» **EXERCISE BRIEF**
Copy exactly the stretch of lines from the one holding "Additif alimentaire au" through the last line of the data below, inclusive. Leave out pictures.

» **RAW DATA**
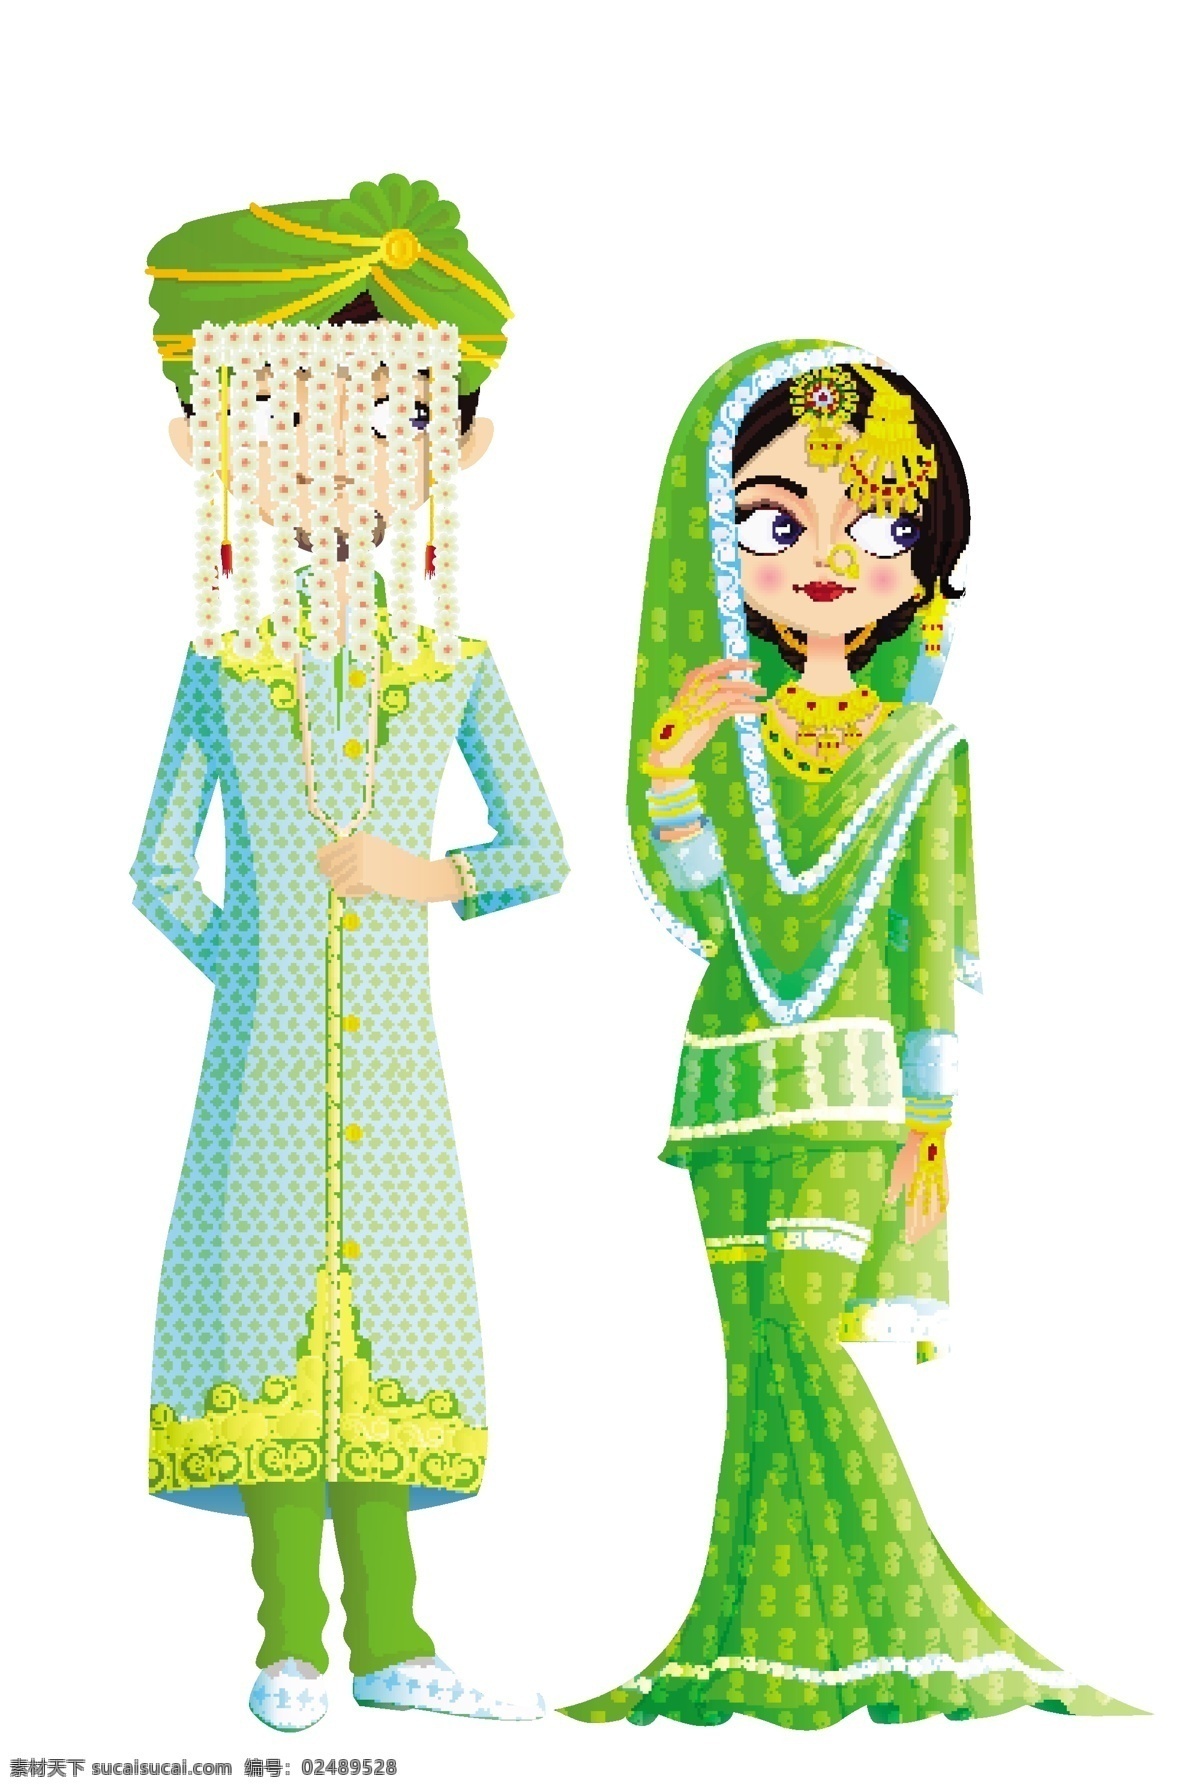 传统 印度 婚礼 服饰 婚庆 婚礼服饰 传统服饰 亚洲传统服饰 新人图片 矢量素材 白色
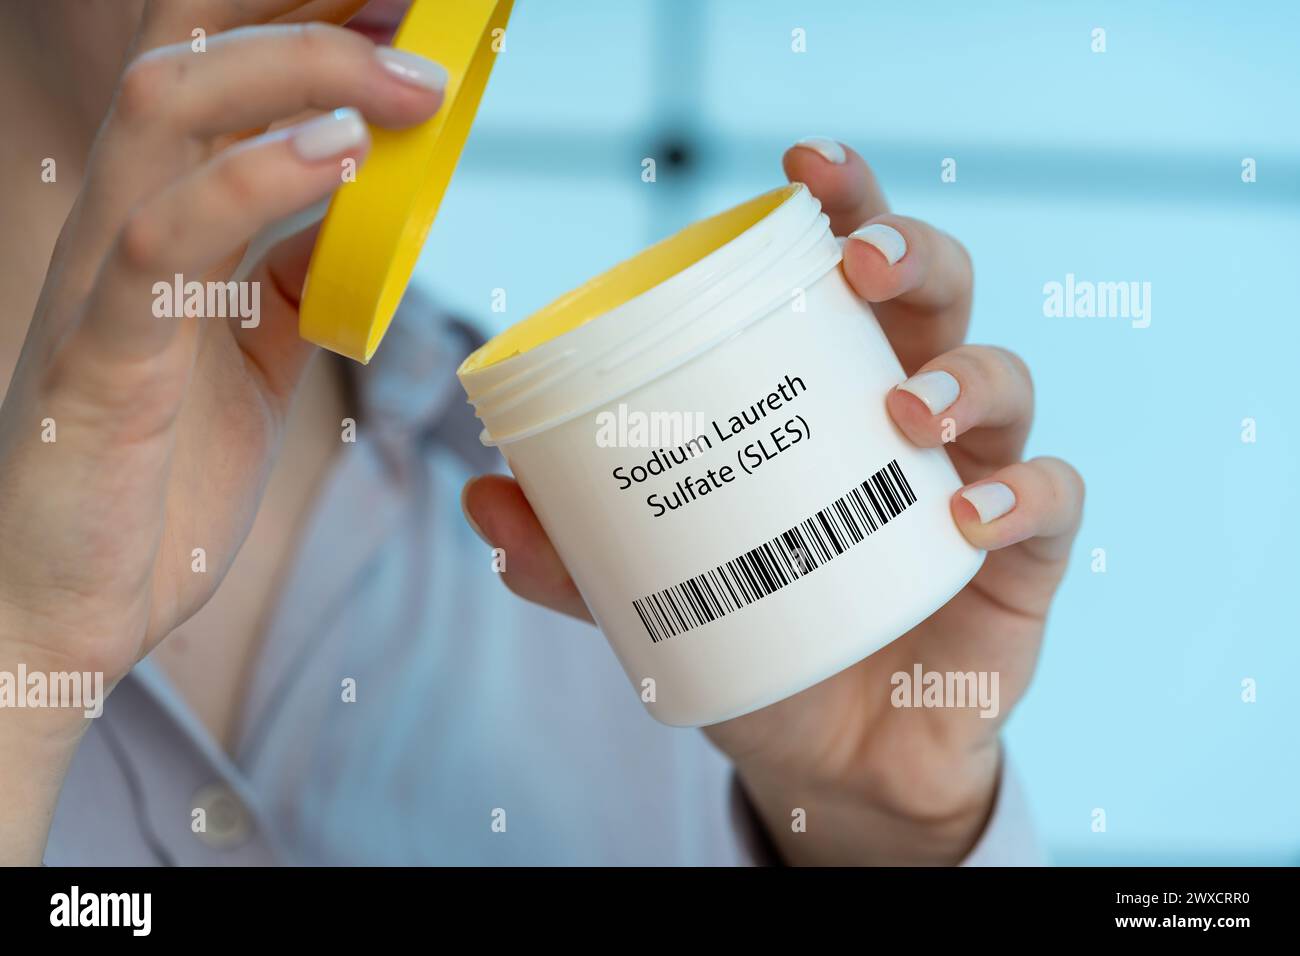 Additif alimentaire au sulfate de laureth de sodium, image conceptuelle Banque D'Images
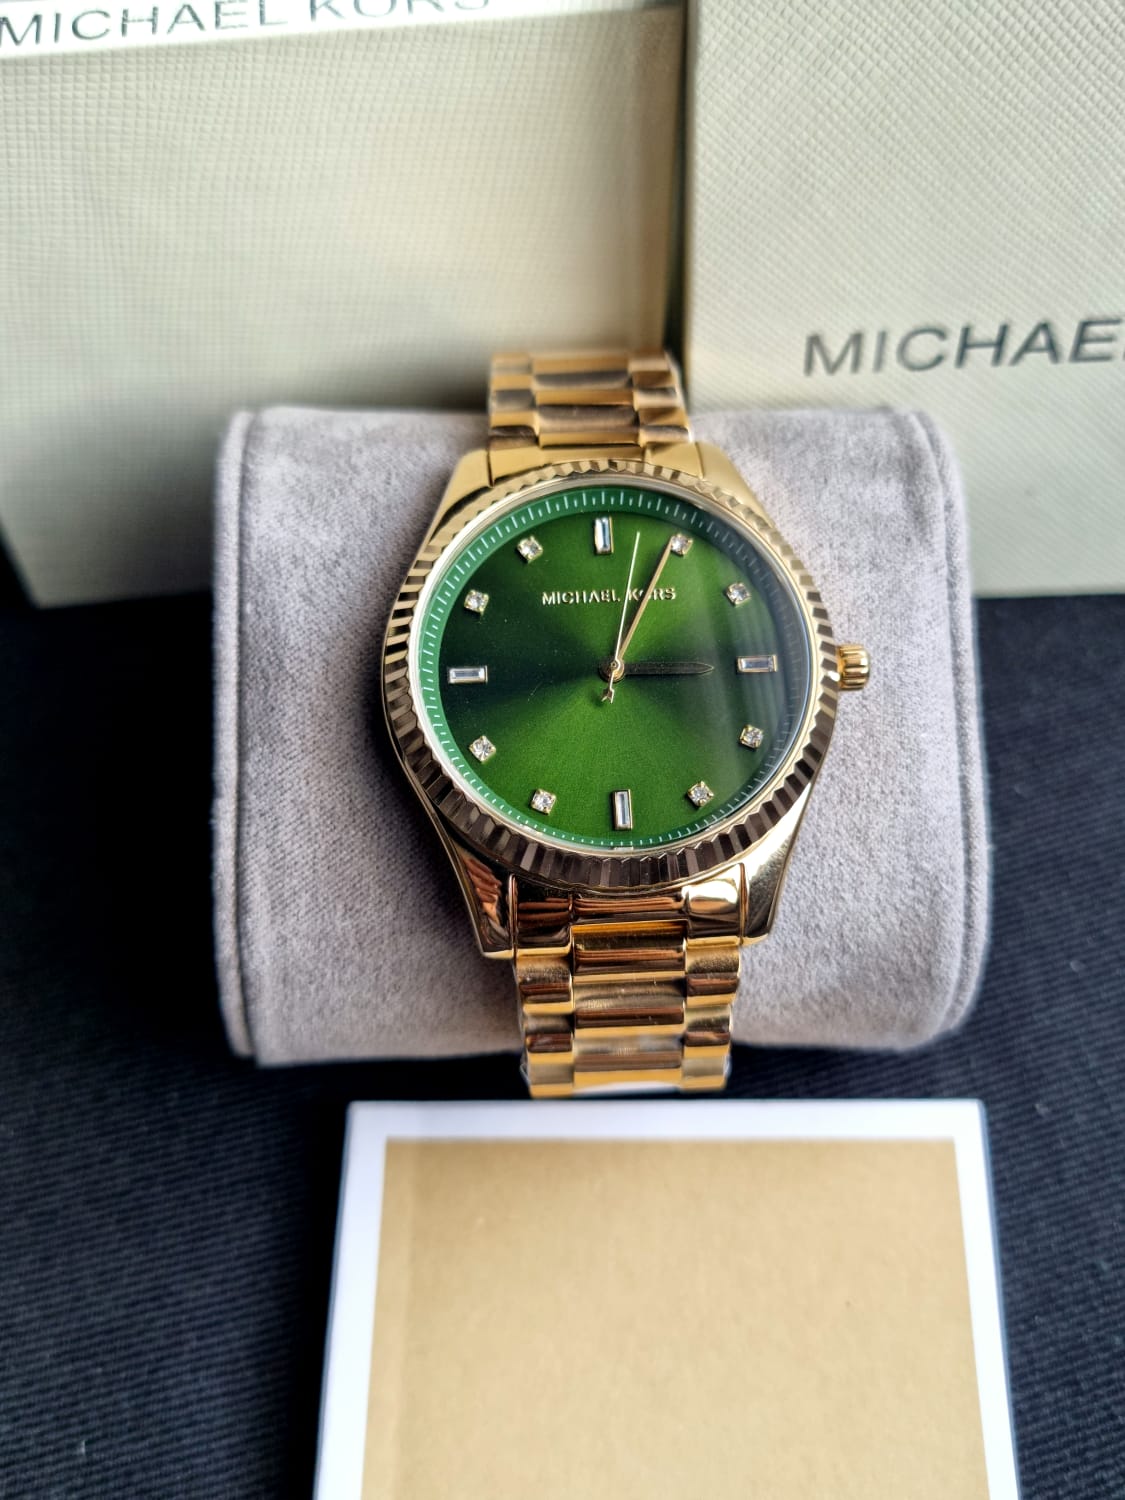 Michael Kors Women’s Quartz Gold Stainless Steel Emerald Green Dial 42mm Watch MK3226

» **THE ANSWER**
 Additif alimentaire au sulfate de laureth de sodium, image conceptuelle Banque D'Images
 Michael Kors Women’s Quartz Gold Stainless Steel Emerald Green Dial 42mm Watch MK3226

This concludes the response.